UTA In The News — Friday, July 24, 2020

Friday, Jul 24, 2020

COVID-19 testing

To help achieve its goal of facilitating the Maverick community’s safe return to campus this fall, The University of Texas at Arlington is leveraging the expertise and resources of its North Texas Genome Center to bolster UTA’s on-campus COVID-19 testing capabilities, Mirage News reported.

Pandemic urbanism explained

Adrian Parr, dean of the UT Arlington College of Architecture, Planning and Public Affairs, wrote a guest paper about pandemic urbanism for boundary 2, an international journal of literature and culture published by Duke University Press.

Property could help UTA visitors

The center of downtown Arlington is home to the majority of short-term rental permits approved in the first few months of 2020, in a move some say will create more housing options downtown, the Fort Worth Star-Telegram reported. Roman Pedan, Kasa Living’s CEO and founder, said the company bought downtown Arlington’s 101 Center property because the units could be marketed for families and friends of the UT Arlington students staying at the complex.

Crises shows failure

American exceptionalism was this country’s pre-existing condition prior to the pandemic and George Floyd-related protests, a Washington Post column said. Hannah Lebovits, an incoming UT Arlington assistant professor of public administration who specializes in social sustainability and how governments creates or degrades it, said she believes this years’s crises as a total failure of government and institutions. “We’re being gaslit by this country that everything will be fine if we just get back to work,” Lebovits says. “We’re focused on economic stability, business revitalization, what the economy is going to look like after COVID — not what we’re going to look like after COVID.”

Cities need help

Lawmakers in Congress are debating another coronavirus aid package, and Arlington Mayor Jeff Williams hopes that cities like his won’t be left out again, KERA News reported. He said there are still questions about whether UT Arlington’s tens of thousands of students will be bringing their spending power back to campus this fall.
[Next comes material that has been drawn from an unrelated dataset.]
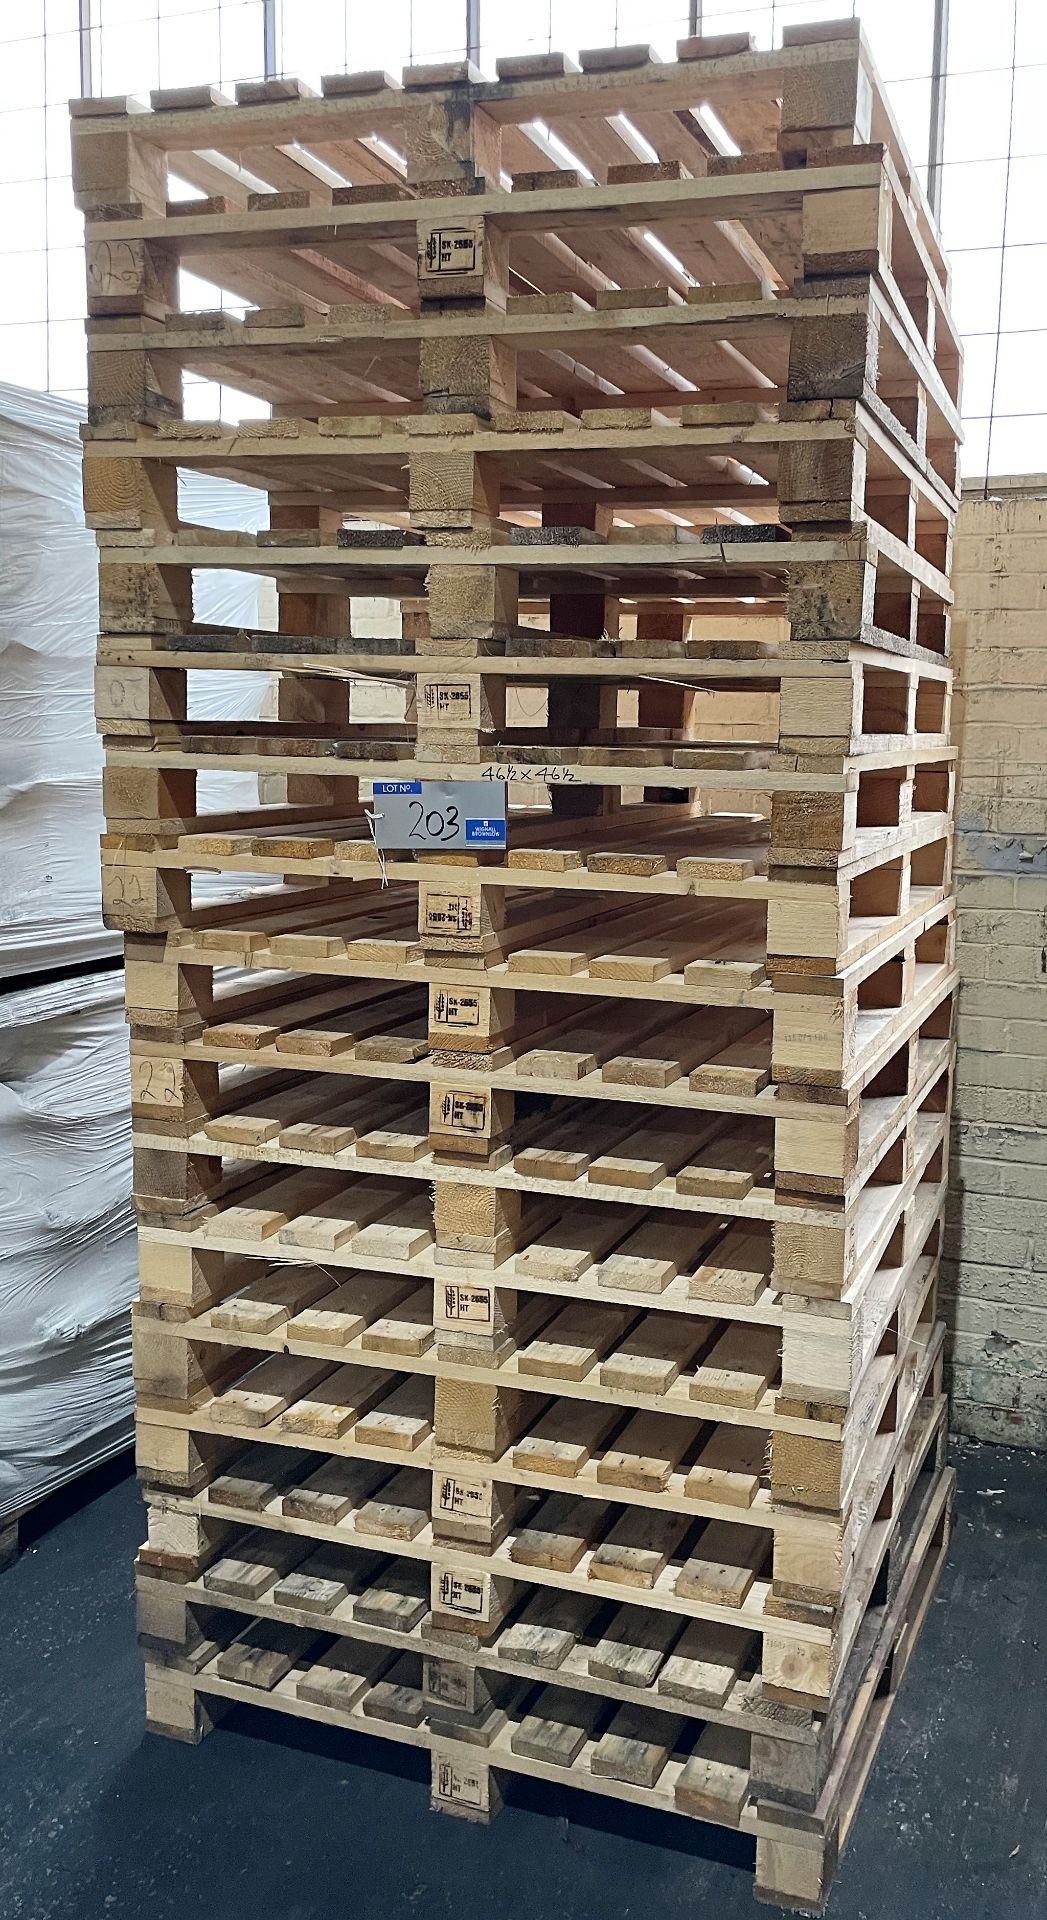 17 Timber 2 way Pallets, 46.5in x 46.5in.
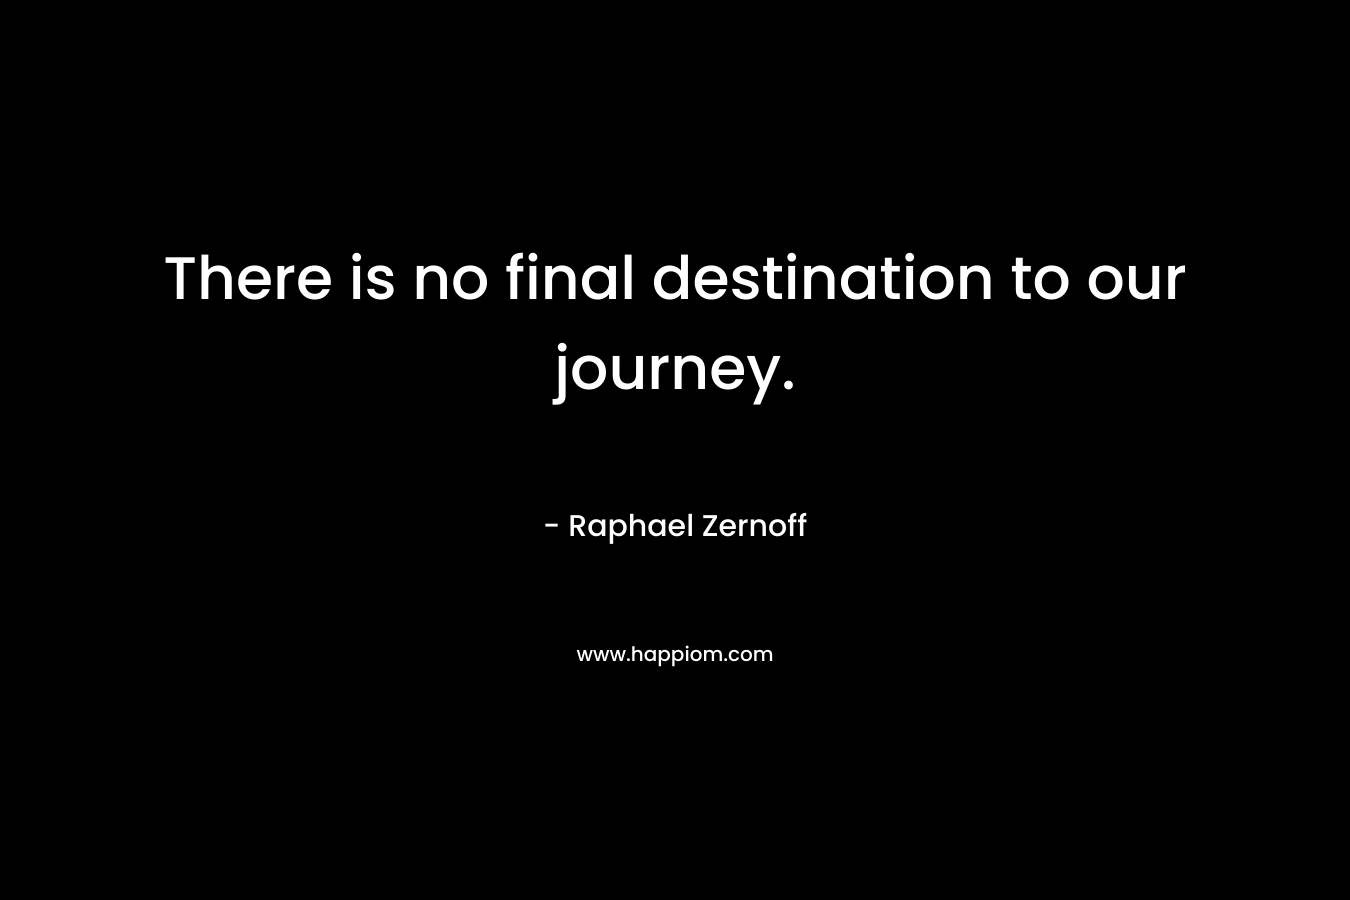 There is no final destination to our journey. – Raphael Zernoff

Study shows drop in live expectancy

A new University of Toronto study that followed 12,424 adult Canadians from the mid-1990s until 2011 found that those who were in suboptimal mental health at the beginning of the study died, on average, 4.7 months earlier than their peers who were in excellent mental health, Medical Xpress, Health News Digest and other media outlets reported. Philip Baiden, UT Arlington assistant professor of Social Work, said, was a co-author of the study. “As expected, modifiable risk factors, including smoking, heavy drinking and infrequent physical activity, were associated with a higher probability of all-cause mortality,” Baiden said. “Cancer, heart disease, diabetes, chronic obstructive pulmonary disease and high blood pressure were associated with a higher probability of death over the follow-up period.”